_What you are asked to do:_
Please reproduce all of the data exactly as it appears, but skip the pictures.

_Dataset entries:_
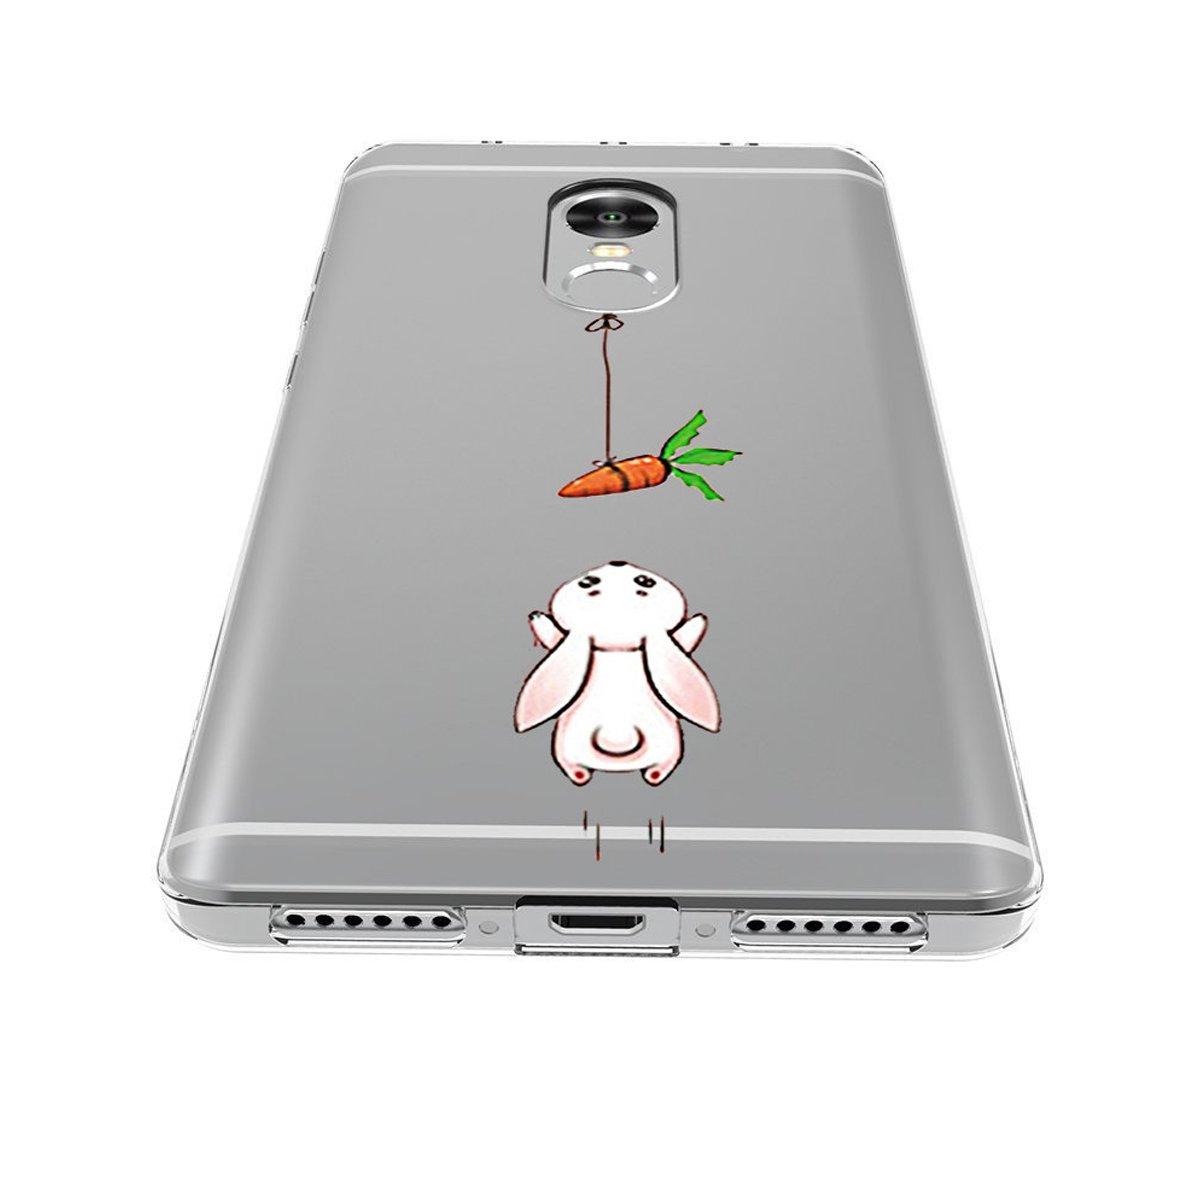 Caler ® Funda Compatible/Reemplazo para Redmi Note 4 / Note 4X Funda,Suave TPU Gel Silicona Ultra-Delgado Ligera Anti-rasguños Protección Patrones ...
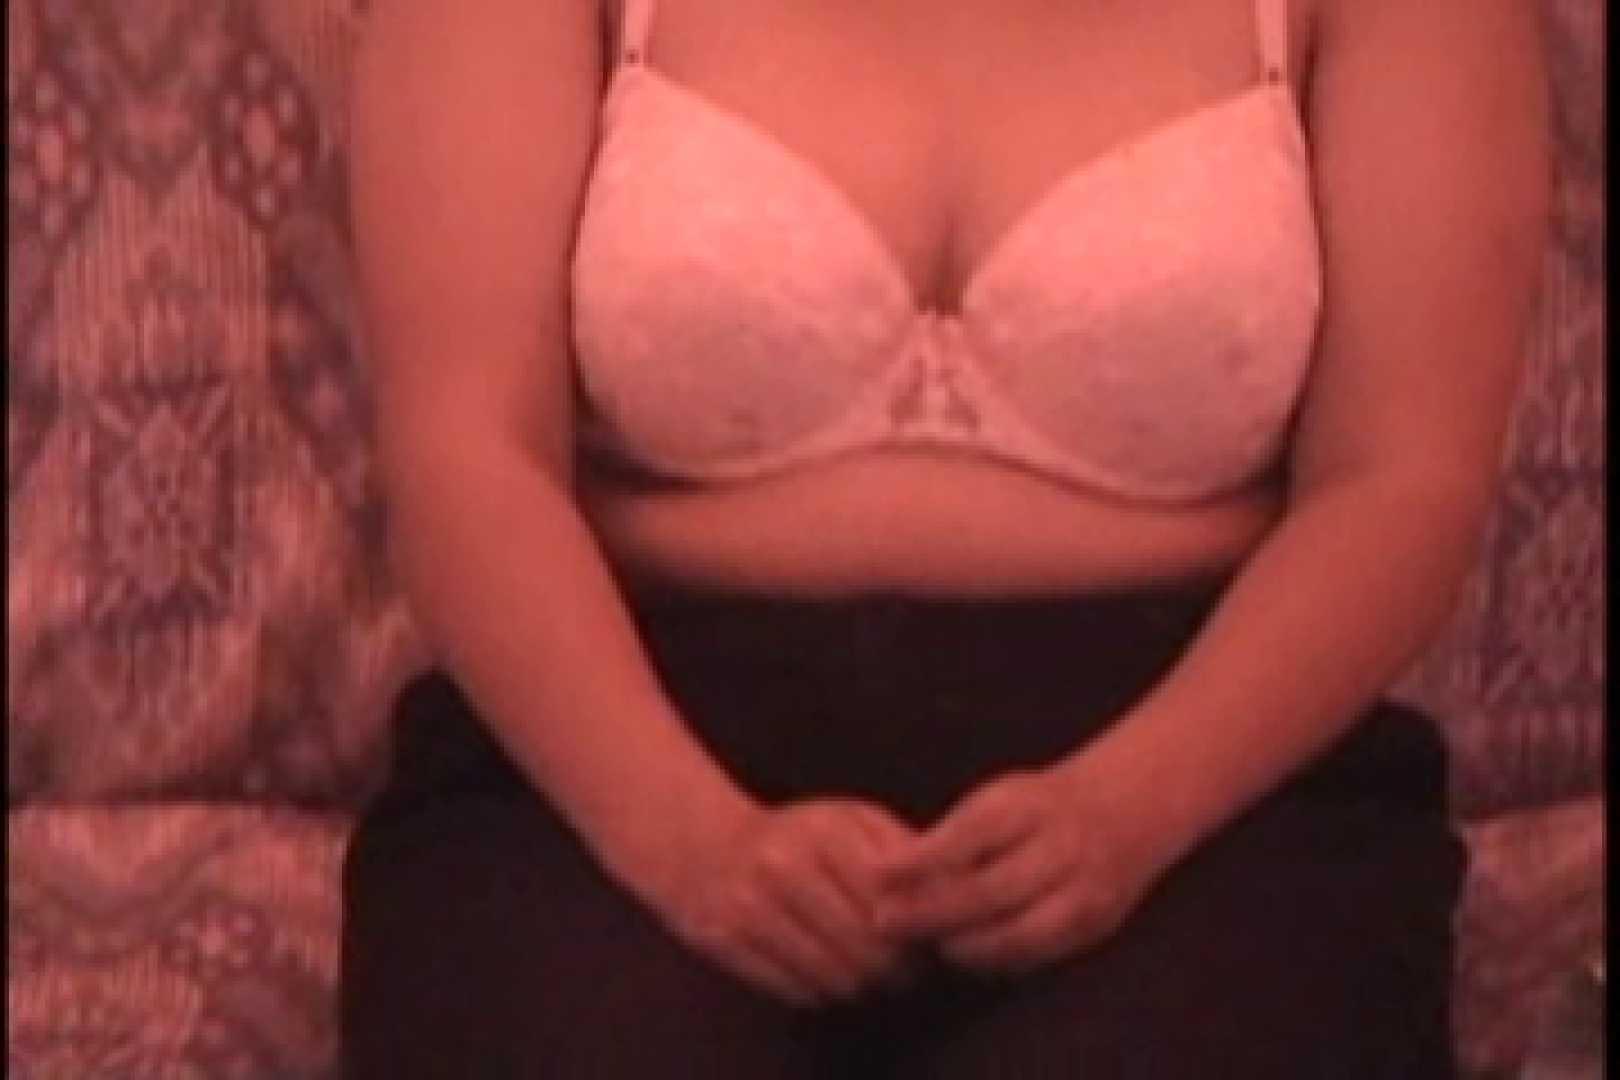 長野援助 かおりちゃん18歳 おっぱい  55pic 11
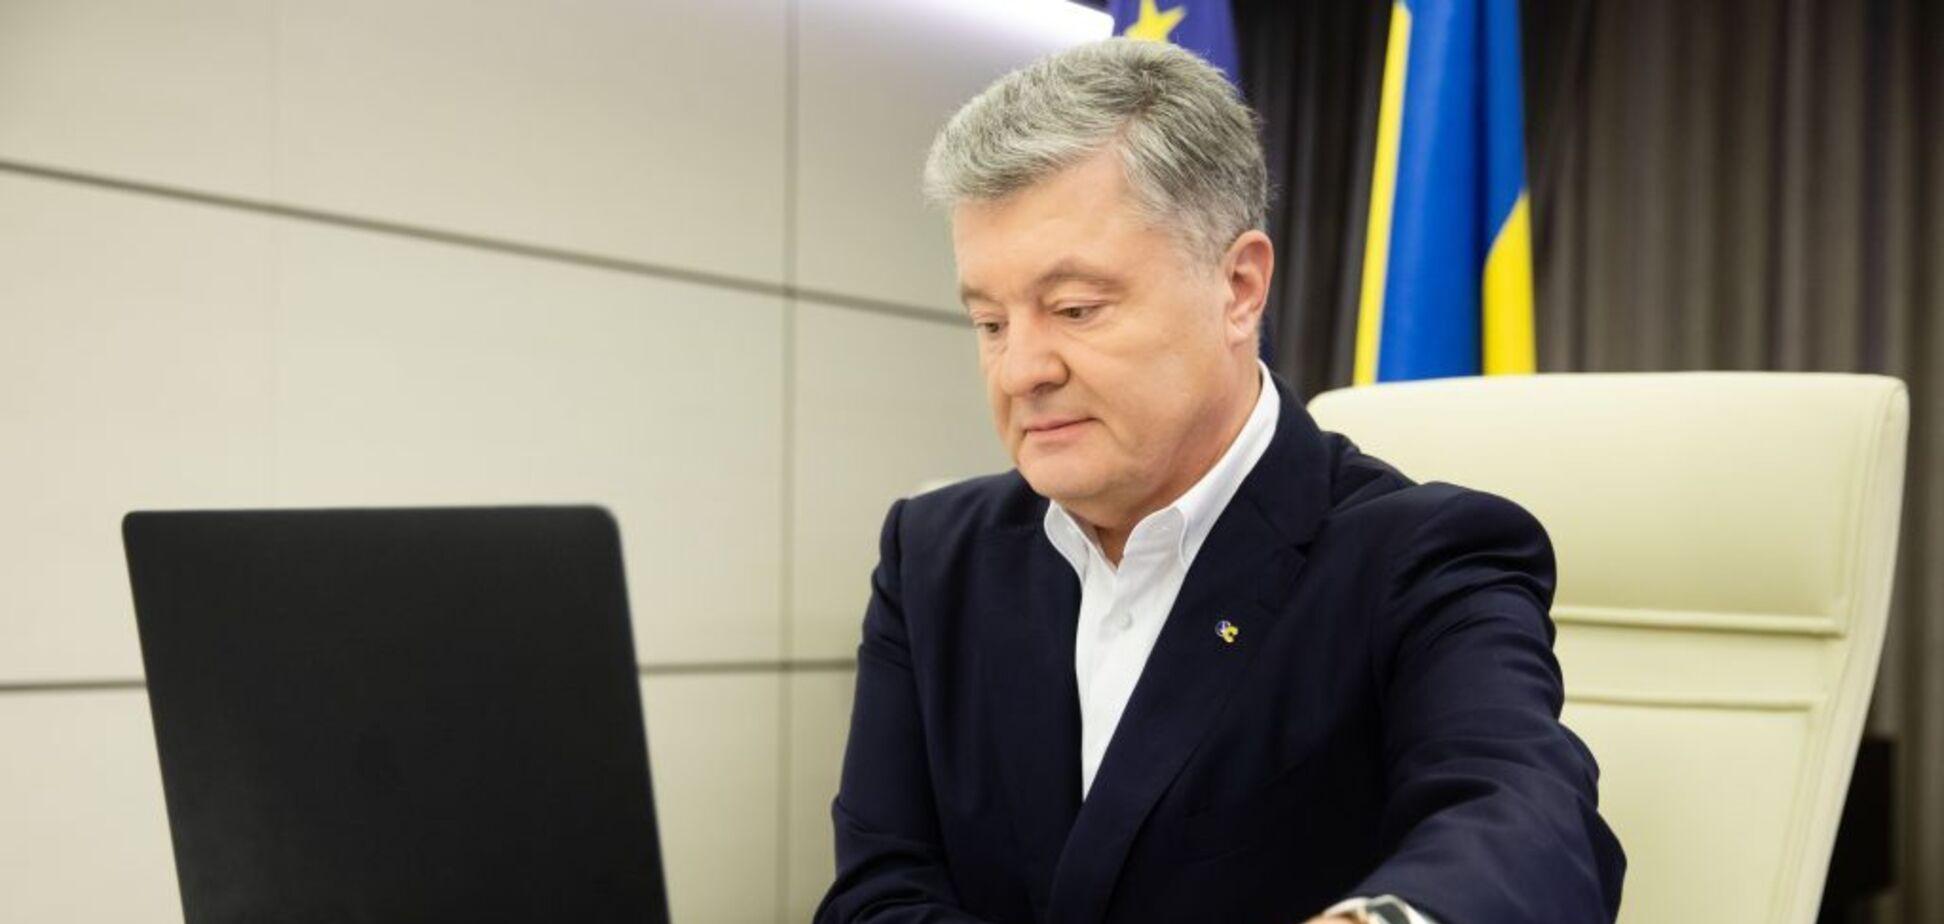 Петро Порошенко застеріг владу від контролю над Конституційним Судом
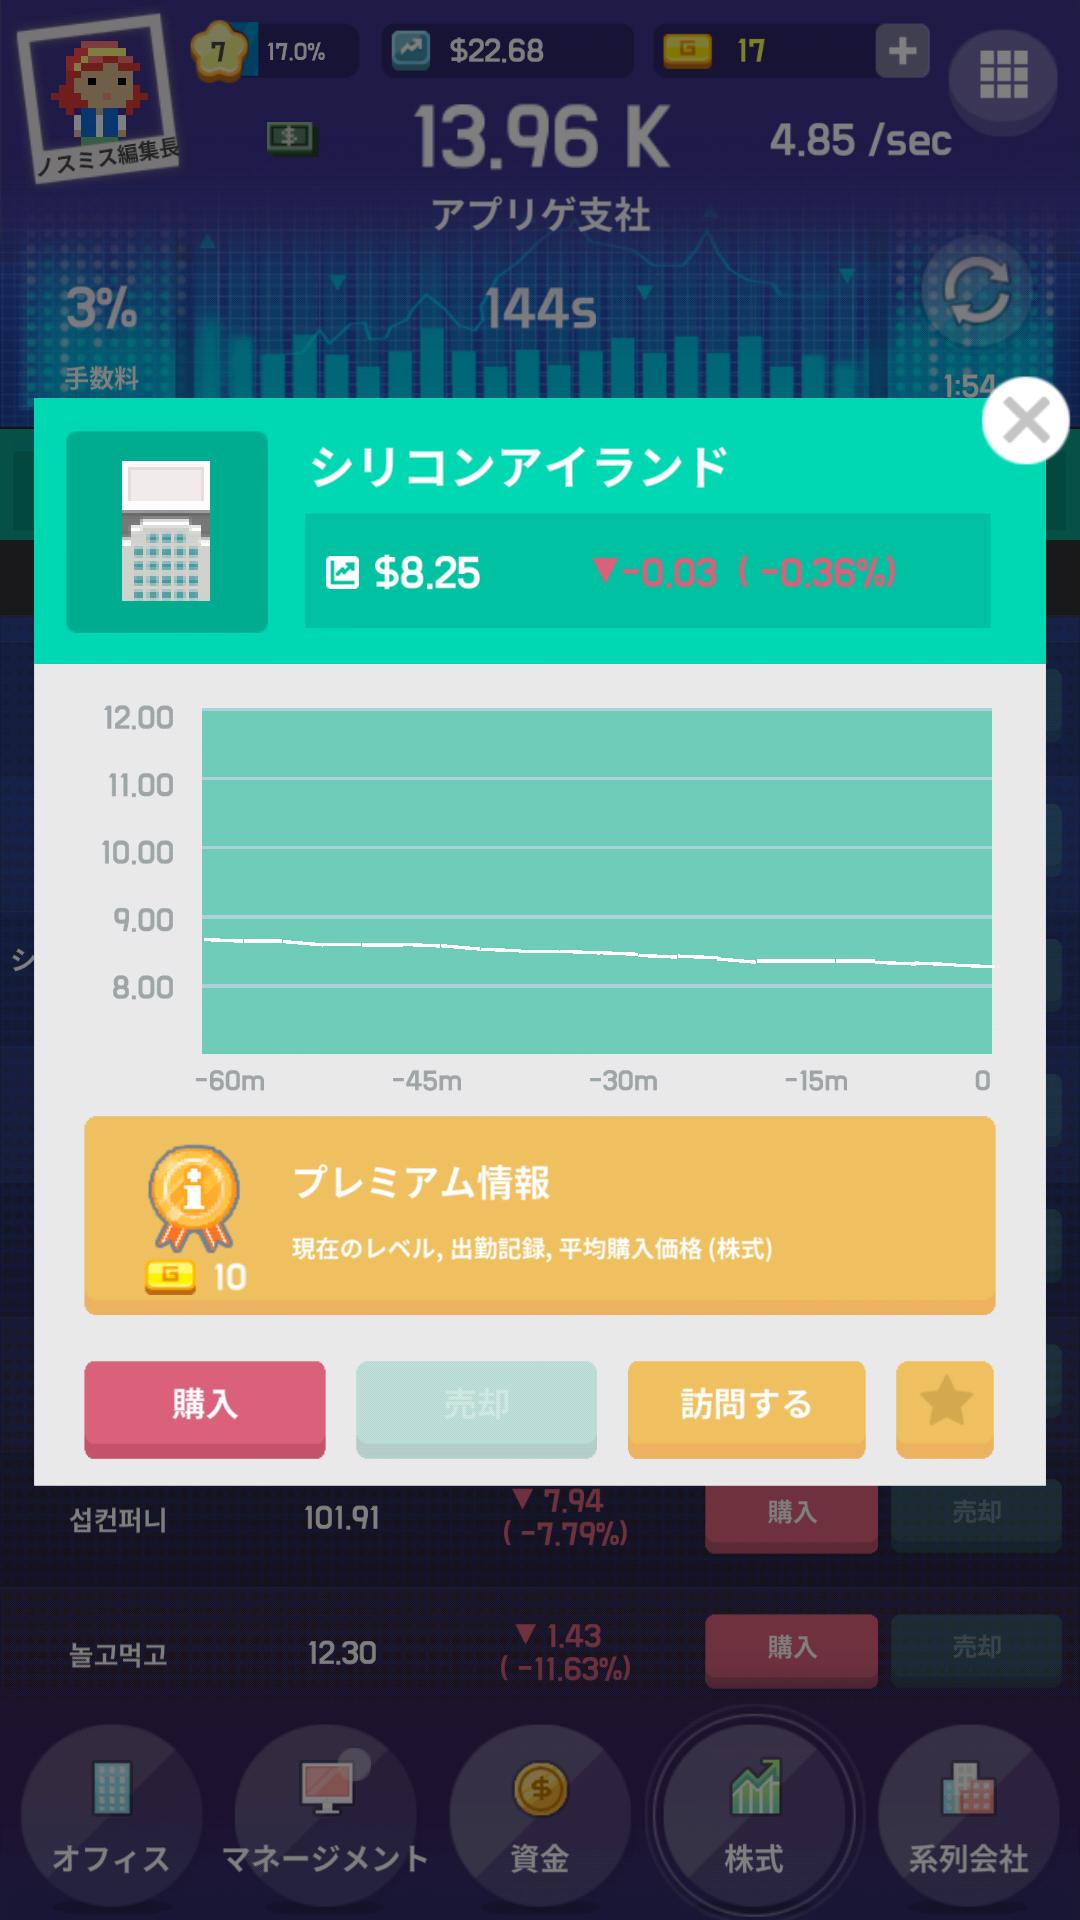 androidアプリ シリコンバレー : ビリオネラー攻略スクリーンショット6
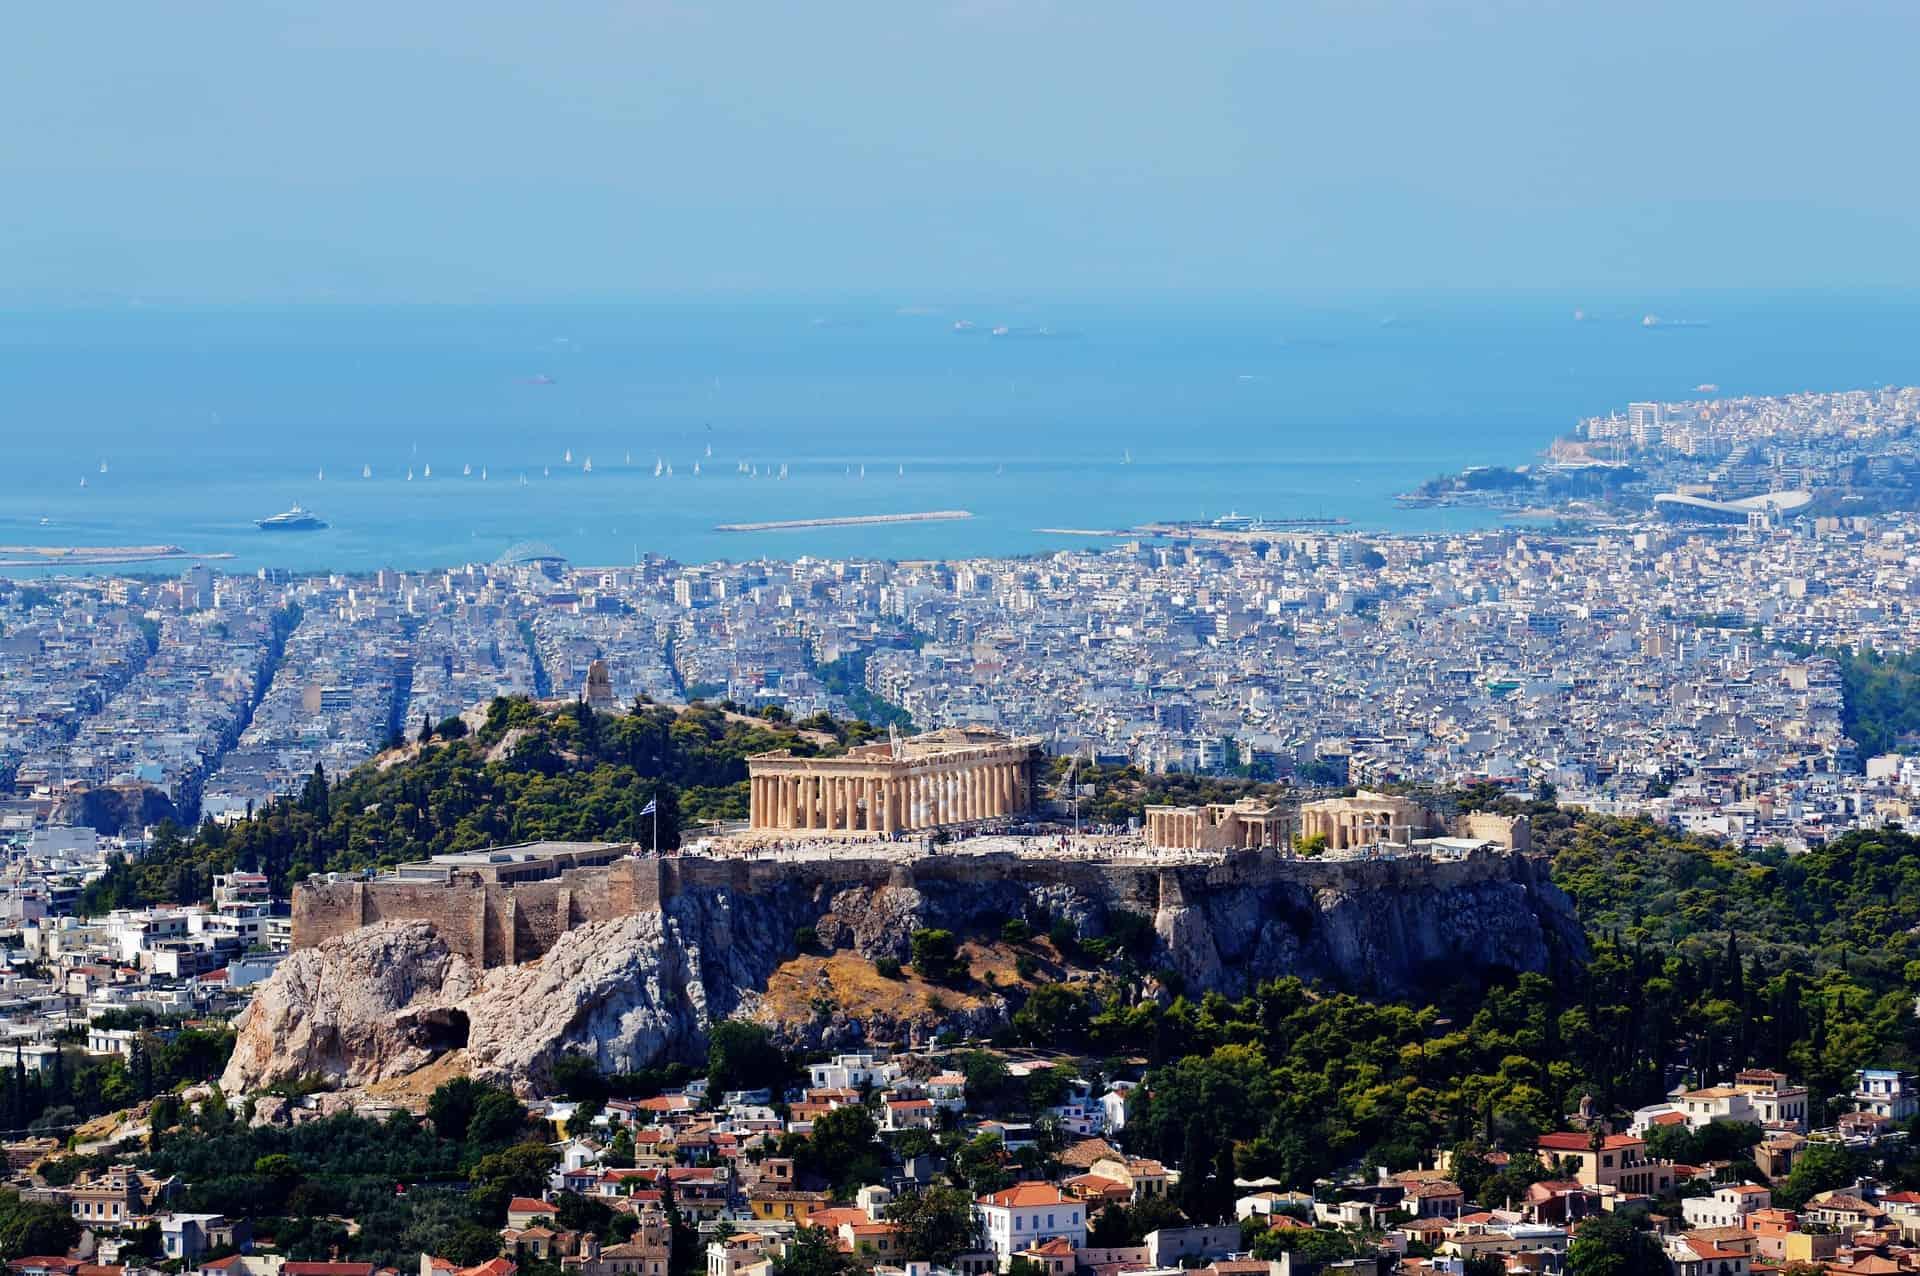 Pauschalreise Athen ruft ab 161,00€ Griechenland Deals

_Solution:_
 Caler ® Funda Compatible/Reemplazo para Redmi Note 4 / Note 4X Funda,Suave TPU Gel Silicona Ultra-Delgado Ligera Anti-rasguños Protección Patrones ...
 長野援助 かおりちゃん18歳 おっぱい  55pic 11
 Петро Порошенко застеріг владу від контролю над Конституційним Судом
 androidアプリ シリコンバレー : ビリオネラー攻略スクリーンショット6
 Pauschalreise Athen ruft ab 161,00€ Griechenland Deals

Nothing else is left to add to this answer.